Neste quadro, como diz o analista Kai-Fu Lee, a China está no seu momento Sputnik, como a antiga União Soviética quando lançou o seu primeiro satélite em 1957 e desafiou a superioridade tecnológica americana. Só que a resposta americana hoje é errada e ineficaz. Não se pode combater a tecnologia com muralhas, ameaças, chantagens, guerras comerciais, perseguições e exclusões de mercados. A tecnologia é disruptiva, multidimensional e dinâmica e não se combate com a ordem mental do século passado criando uma Nato da Tecnologia ocidental para se opor a um Pacto de Varsóvia ou de Xangai da tecnologia oriental. Isso não funciona.
A resposta certa é a que deu o Presidente Kennedy no fim dos anos 60 respondendo ao Sputnik com mais ciência, mais investigação, mais tecnologia e com instituições como a NASA. Mas tudo isso está fora do quadro mental da actual administração americana e é por isso que os EUA podem correr o risco de perder a corrida tecnológica vital do século XXI.
O ciberespaço pode vir a ser menos americano e mais asiático. Esperemos que não aconteça. Porque uma era digital dominada pela China, cujo regime é uma ditadura, será mais fechada e controlada correndo o risco de realizar a distopia de George Orwell com um poder totalitário a gerir as tecnologias mais avançadas e a exercer a vigilância total dos cidadãos.
É isso que parece indiciar o projecto do governo chinês do chamado “crédito social” onde cada cidadão é punido ou premiado consoante o seu comportamento. A Internet e as tecnologias digitais nas mãos de um poder totalitário podem ser usadas para guiar e controlar a opinião das pessoas e identificar comportamentos além de contribuírem para melhorar a governança a todos os níveis e estimular o desenvolvimento económico.

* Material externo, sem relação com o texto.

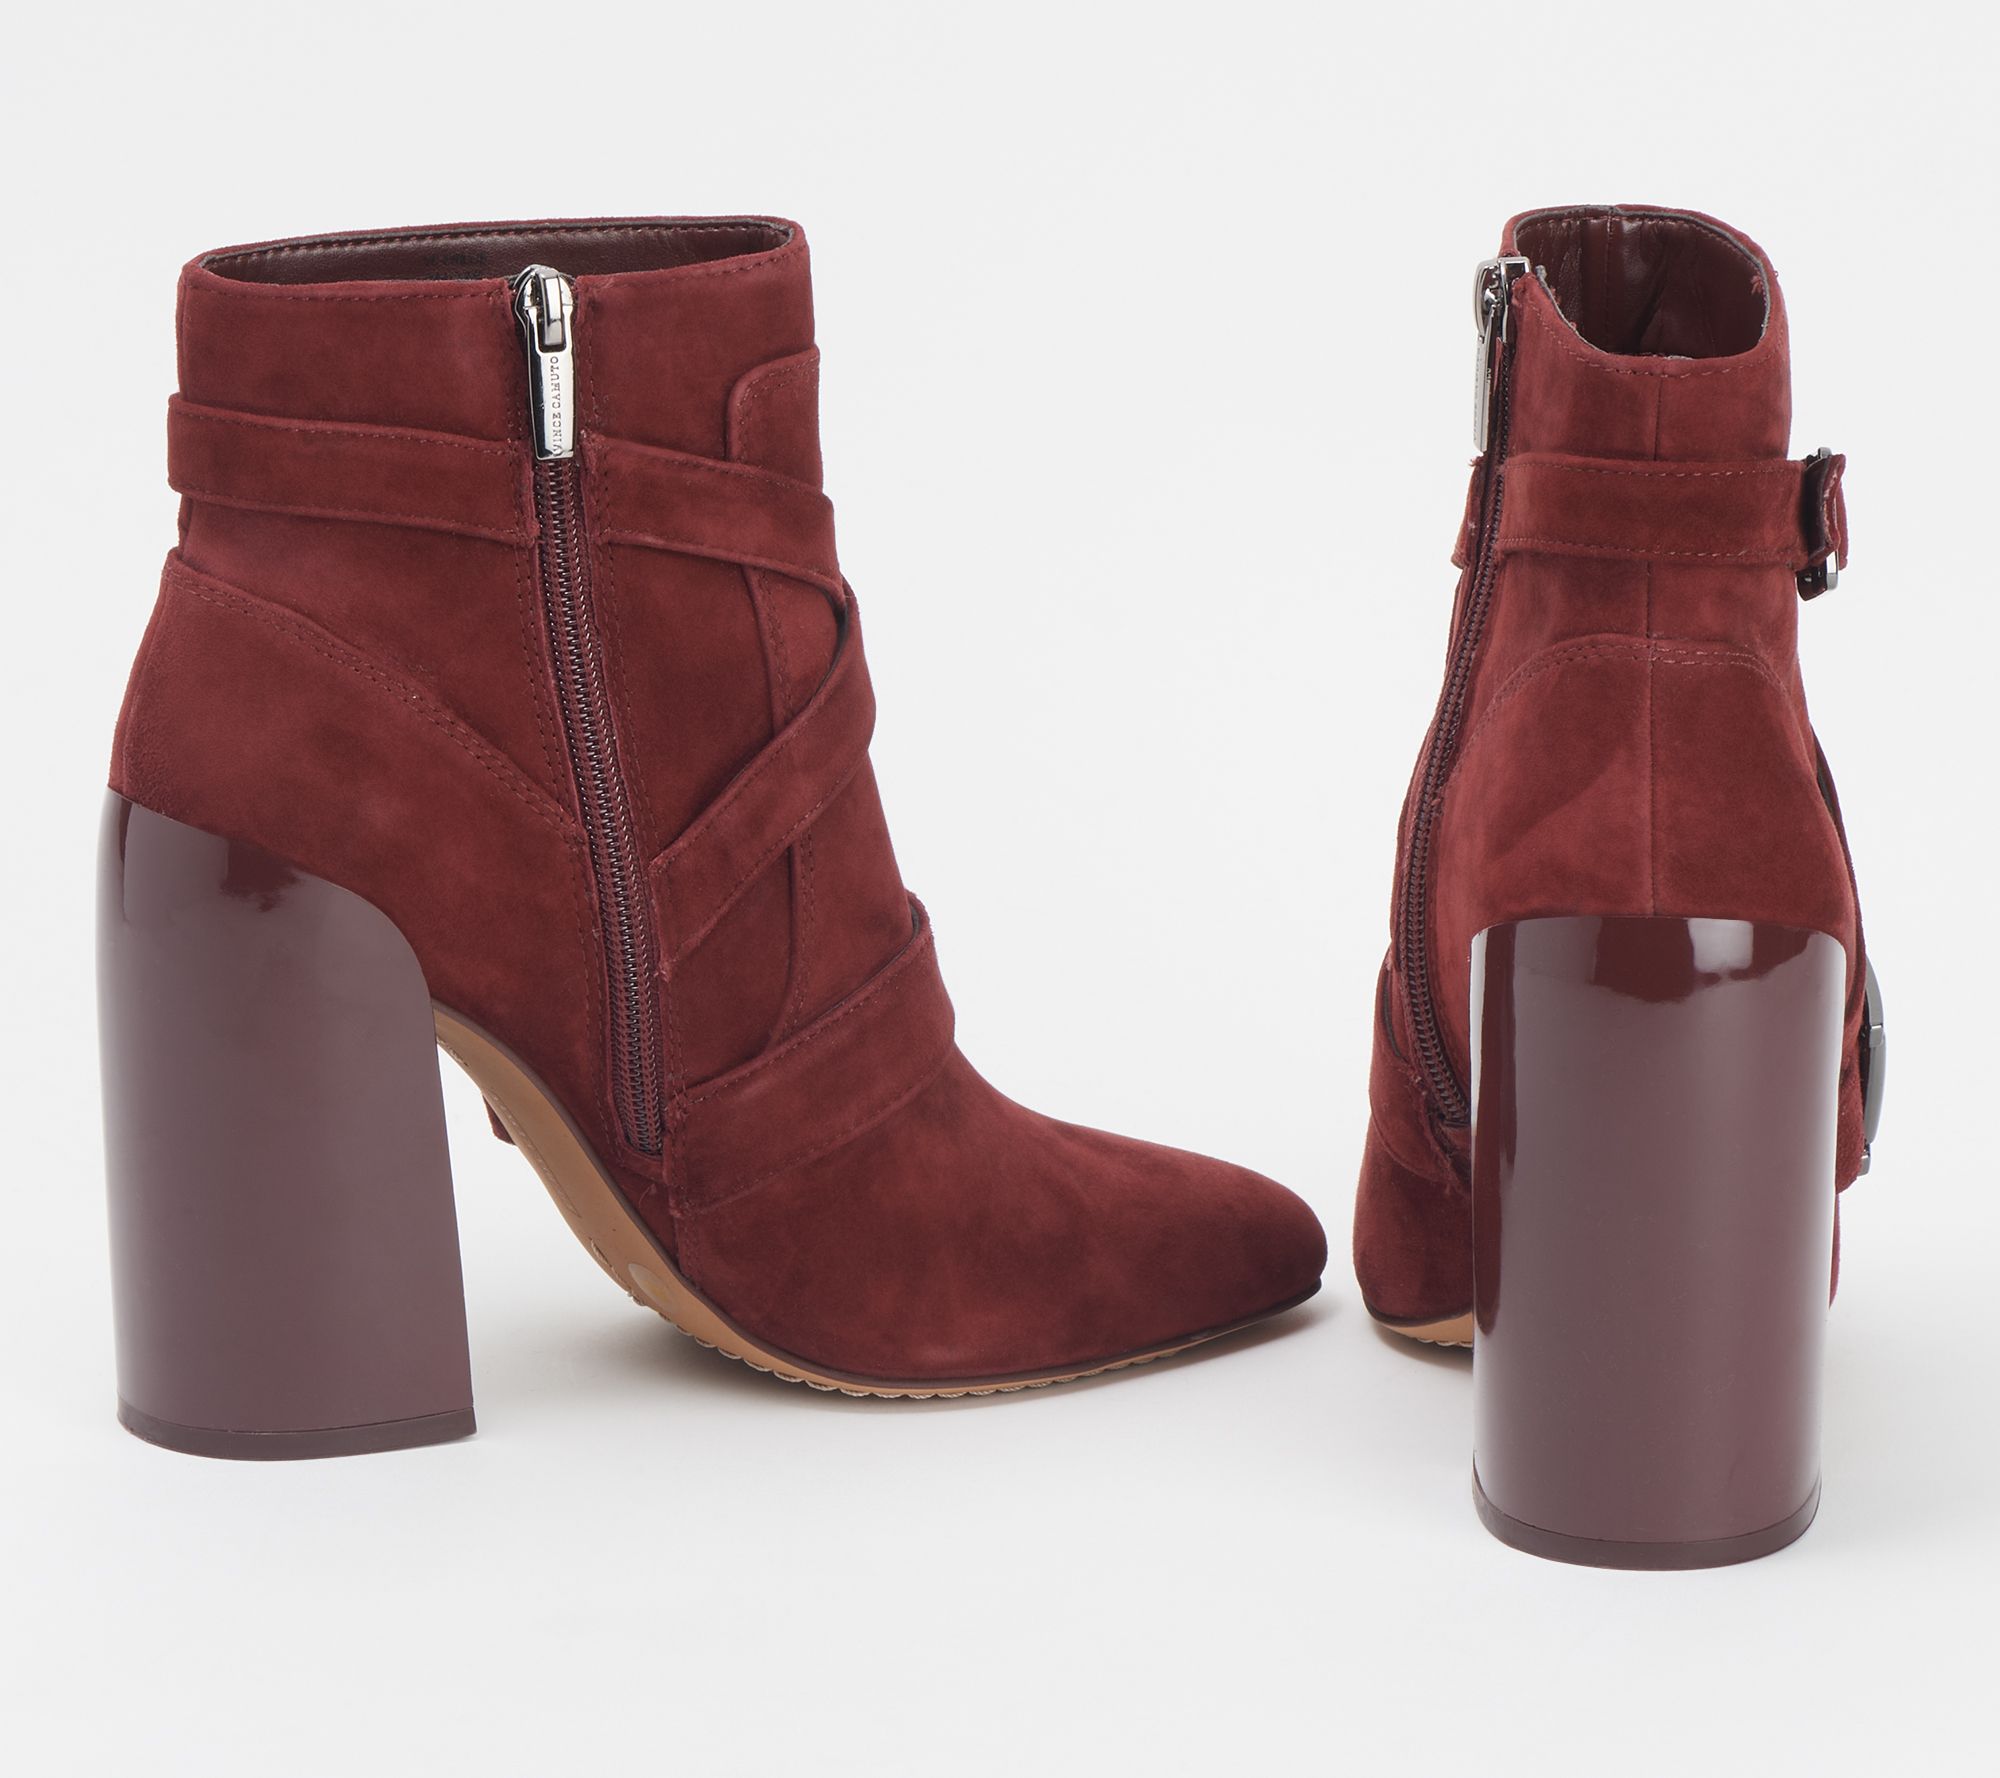 Vince Camuto Leather or Suede Moto Ankle Boots - Erillie

Finalmente se olharmos para a geopolítica o que se passa hoje entre os EUA e a China é uma disputa clássica entre a potência dominante e a que está em ascensão. Já aconteceu múltiplas vezes na História como analisa Tucídides no livro “A Guerra do Peloponeso” com a disputa entre Esparta e Atenas. Como sabemos, nestas disputas pode acontecer aquilo a que hoje se chama a armadilha de Tucídides: na dinâmica de disputa que se cria há um momento que torna a guerra inevitável. Isso aconteceu na Grécia clássica com o famoso Édito de Megara em que Péricles recusou ceder a famosa colina que nem valor estratégico tinha.
Esperemos que hoje as guerras comerciais, as ameaças e chantagens, as discriminações e exclusões, a retórica narcisista ou as tiradas militaristas não façam entrar as duas grandes superpotências do nosso tempo na armadilha de Tucídides. Seria trágico para elas e para o mundo. O século XXI passa bem sem um novo Édito de Megara.